Among the records below, find the line with "监狱信号屏蔽器案例-河北省定州监狱信号屏蔽系统" and the line with "Catering Pernikahan Murah di Jakarta.". Set down both and every line between, exactly and with no pictures, but nothing else.
Records Block Start
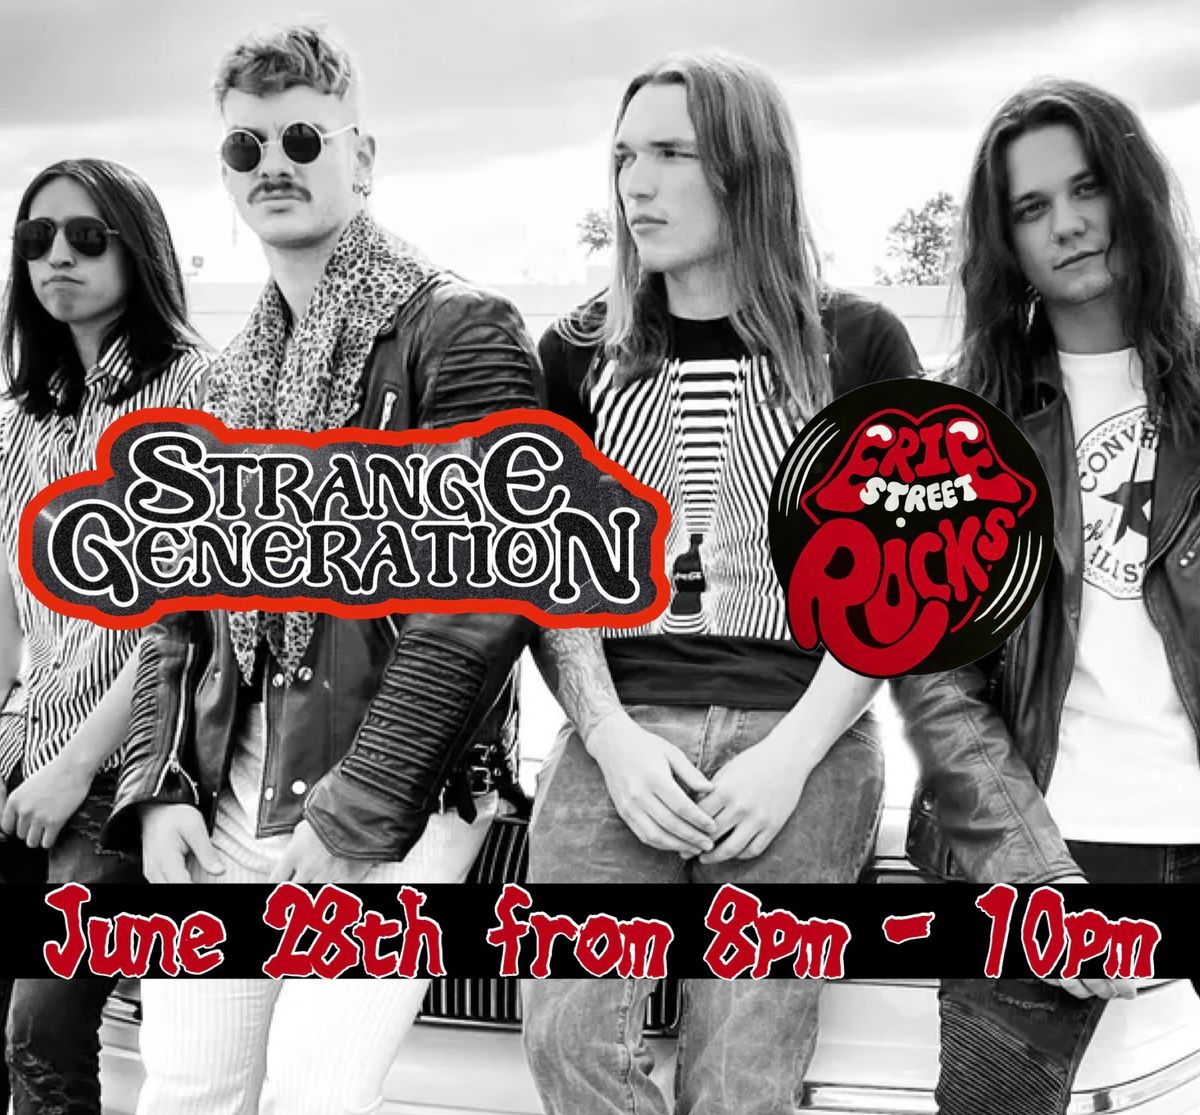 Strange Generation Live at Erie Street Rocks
Records Block End
Records Block Start
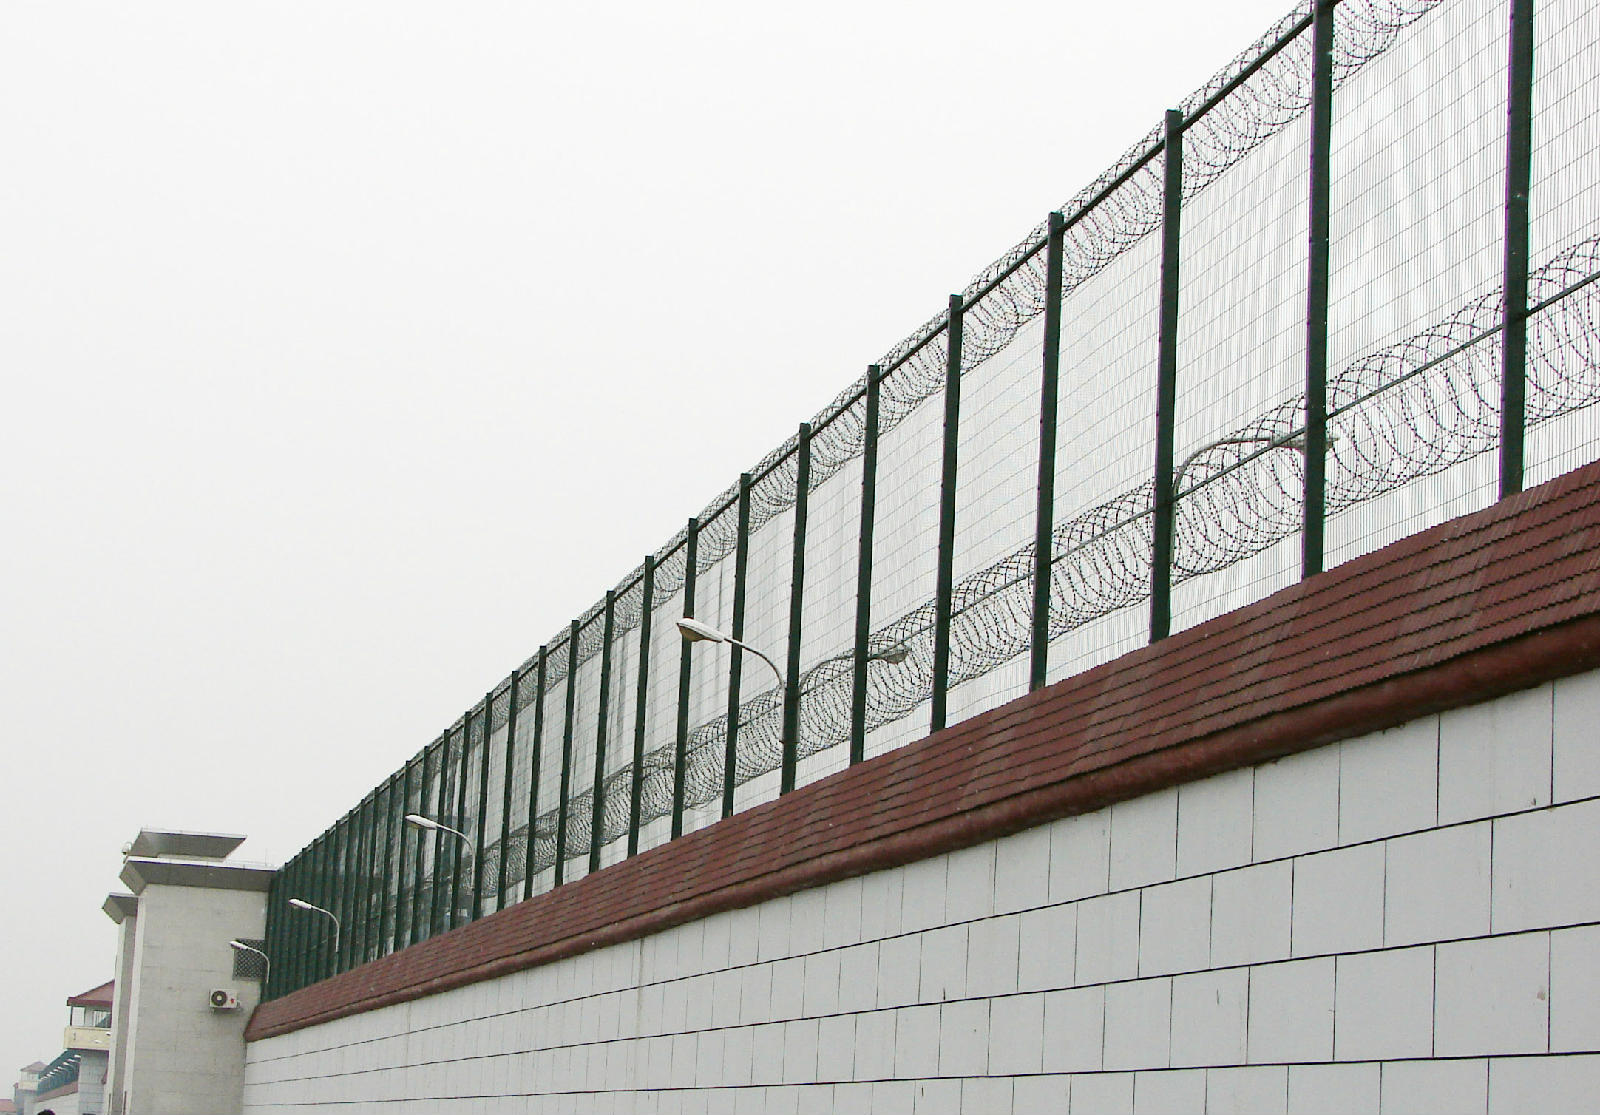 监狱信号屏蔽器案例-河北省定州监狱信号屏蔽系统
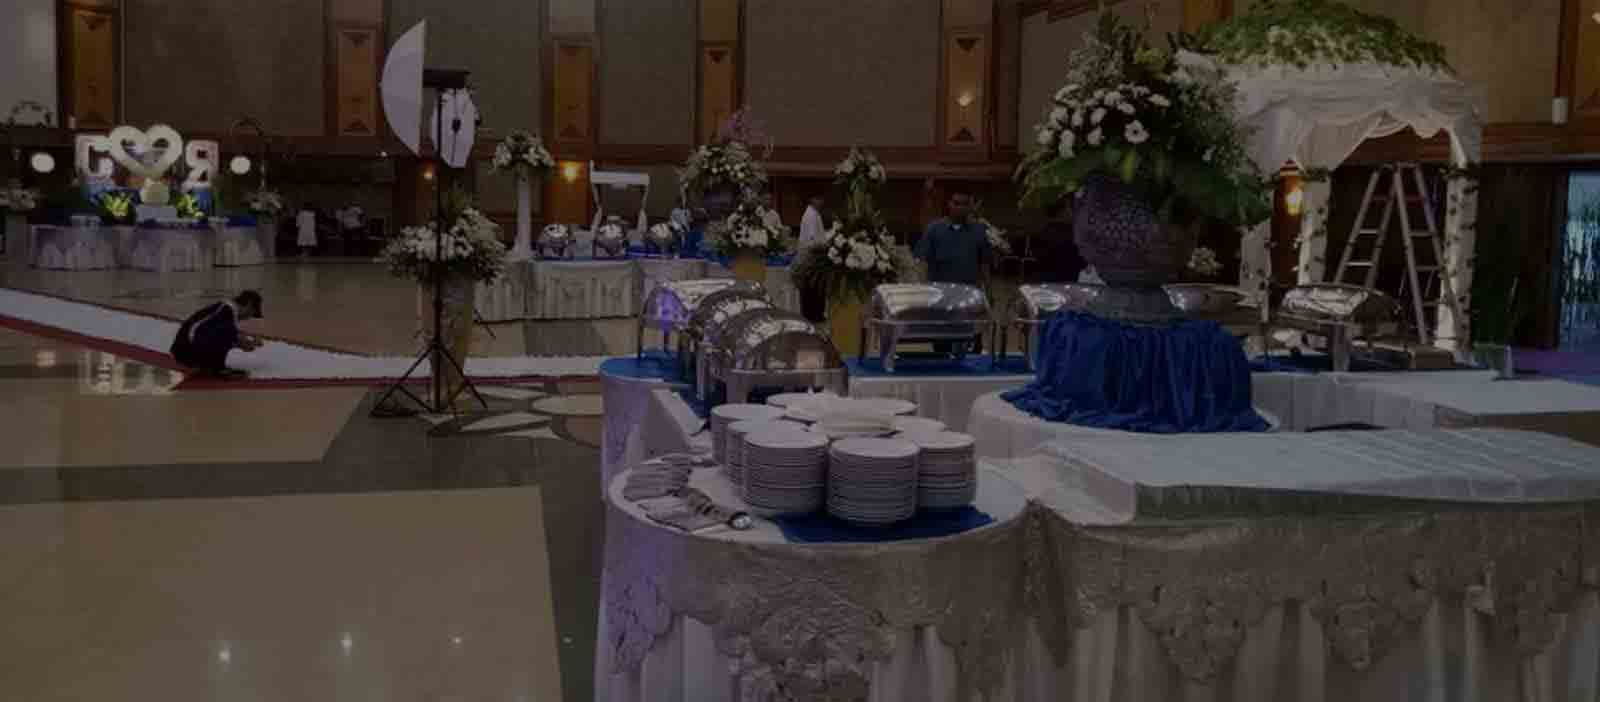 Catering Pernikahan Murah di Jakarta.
Records Block End
◆ Answer section
 监狱信号屏蔽器案例-河北省定州监狱信号屏蔽系统
 Catering Pernikahan Murah di Jakarta.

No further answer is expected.